Devant un parterre de journalistes réunis ce vendredi à Yaoundé, l’ancien ministre Issa Tchiroma Bakary, président national du FSNC, a officiellement lancé sa candidature à l’élection présidentielle de 2025. Un discours liminaire aux allures de plaidoyer, entre justification de son passé gouvernemental et promesse d’un avenir en rupture avec le système qu’il a longtemps servi.
« Un tournant décisif »
D’entrée de jeu, Issa Tchiroma Bakary a tenu à préciser la nature exceptionnelle de sa démarche : « Je ne viens pas en tant qu’homme politique ordinaire. Je viens en tant que citoyen, père, patriote, et candidat de la transition. » Dans une tonalité grave, il s’est adressé à une opinion publique qu’il sait méfiante, souhaitant marquer « un tournant décisif » dans la perception qu’elle a de lui.
Réponse aux critiques : « Je n’ai jamais été prisonnier d’un régime »
Conscient de l’image controversée qu’il véhicule, notamment en raison de son parcours aux côtés du régime en place, l’ancien ministre a voulu rétablir « la vérité ». Face aux accusations d’opportunisme et de compromission, il se défend : « Je n’ai jamais été prisonnier d’un régime. J’ai été serviteur de l’État. » Il affirme avoir quitté ses fonctions non par stratégie électorale, mais par « acte de conscience », estimant que l’éthique républicaine avait disparu.
Un bilan assumé, des réalisations revendiquées
Évoquant ses passages successifs aux ministères des Transports, de la Communication, puis de l’Emploi, Issa Tchiroma Bakary dresse un inventaire précis de ses actions : mise en place des péages et du permis de conduire numérisé, ouverture de l’espace aérien, libéralisation de la presse, création d’un fonds pour la formation professionnelle… Un bilan qu’il « assume et revendique » au nom de « l’intérêt général » et non d’un parti.
Une candidature de rupture… et de rassemblement
Le candidat s’est également voulu clair sur ses intentions : « Nous sommes candidats pour gagner cette élection présidentielle », martèle-t-il, balayant les soupçons d’une candidature de façade. Il propose un mandat unique, strictement de transition, au terme duquel il s’engage à transférer le pouvoir à une nouvelle génération.

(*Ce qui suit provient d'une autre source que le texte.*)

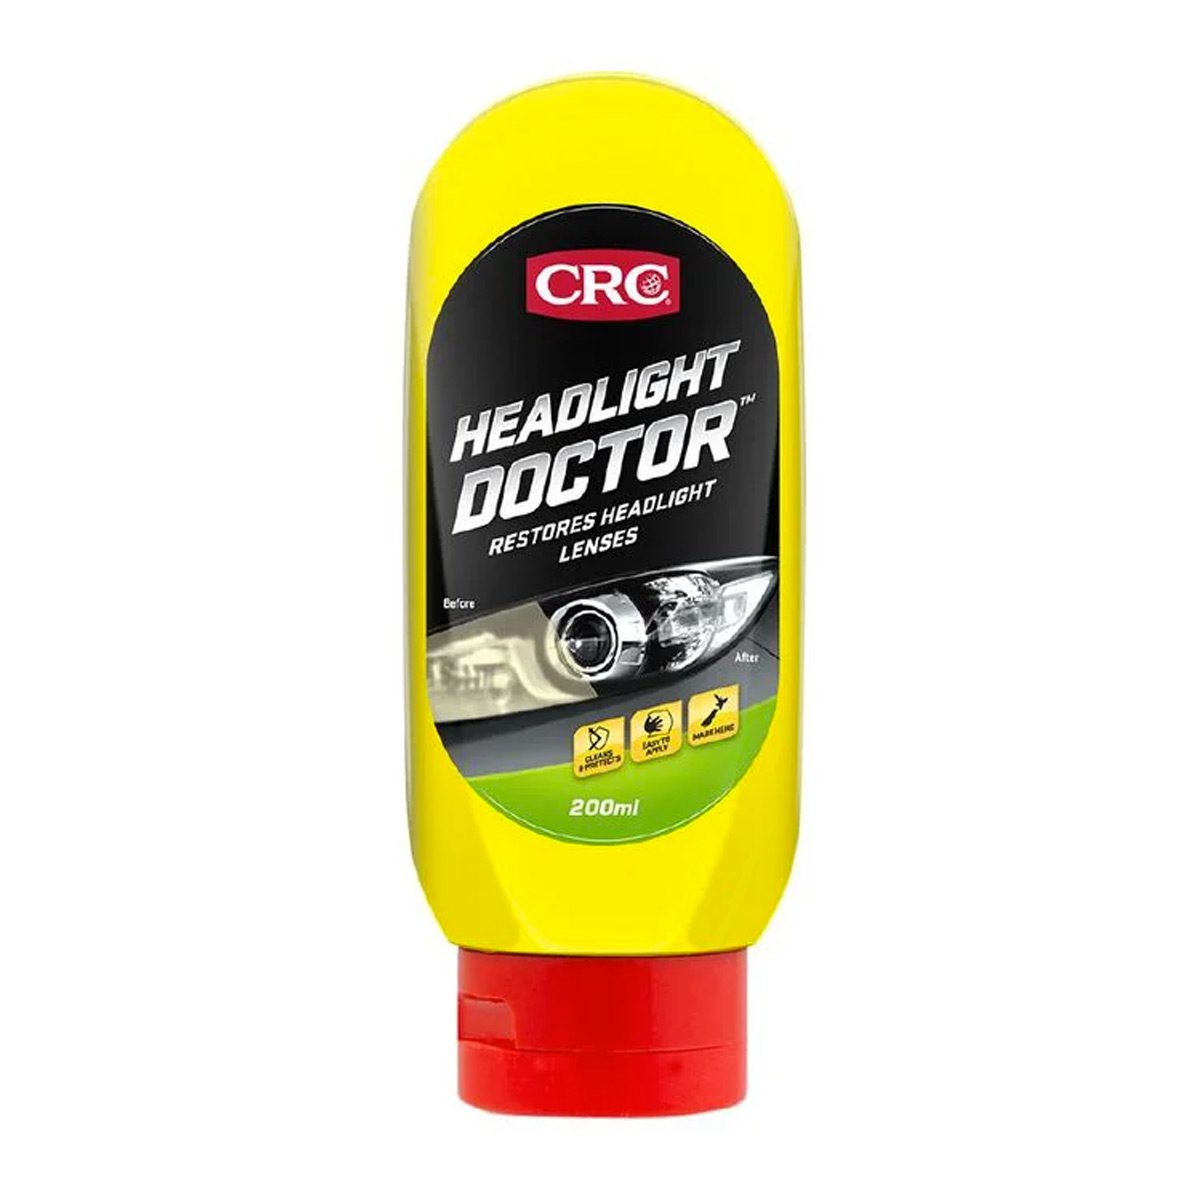 automotive-crc-headlight-doctor-restores-headlight-lenses-200ml-vjs-distributors-C9230

Il promet la formation d’un gouvernement d’union patriotique, une réforme du code électoral avec scrutin à deux tours, une charte d’éthique nationale et une transition vers un État fédéral. Le tout avec un accent mis sur la jeunesse, la formation professionnelle et l’inclusion des Camerounais de la diaspora.
« Le moment est venu »
Dans une adresse solennelle, Issa Tchiroma Bakary a tendu la main à tous les segments de la société : jeunes, femmes, fonctionnaires, diaspora, et même « aux lucides du pouvoir ». Il appelle à « écrire l’Histoire », à « reprendre la parole et le pouvoir », affirmant que « le peuple est prêt » et que lui-même est « prêt à servir ».
Avec cette prise de parole, Issa Tchiroma Bakary entend repositionner son image et son projet. Reste à savoir si les Camerounais, en quête de changement, accepteront d’accorder leur confiance à un homme qui, pendant longtemps, fut l’un des visages du pouvoir qu’il critique aujourd’hui.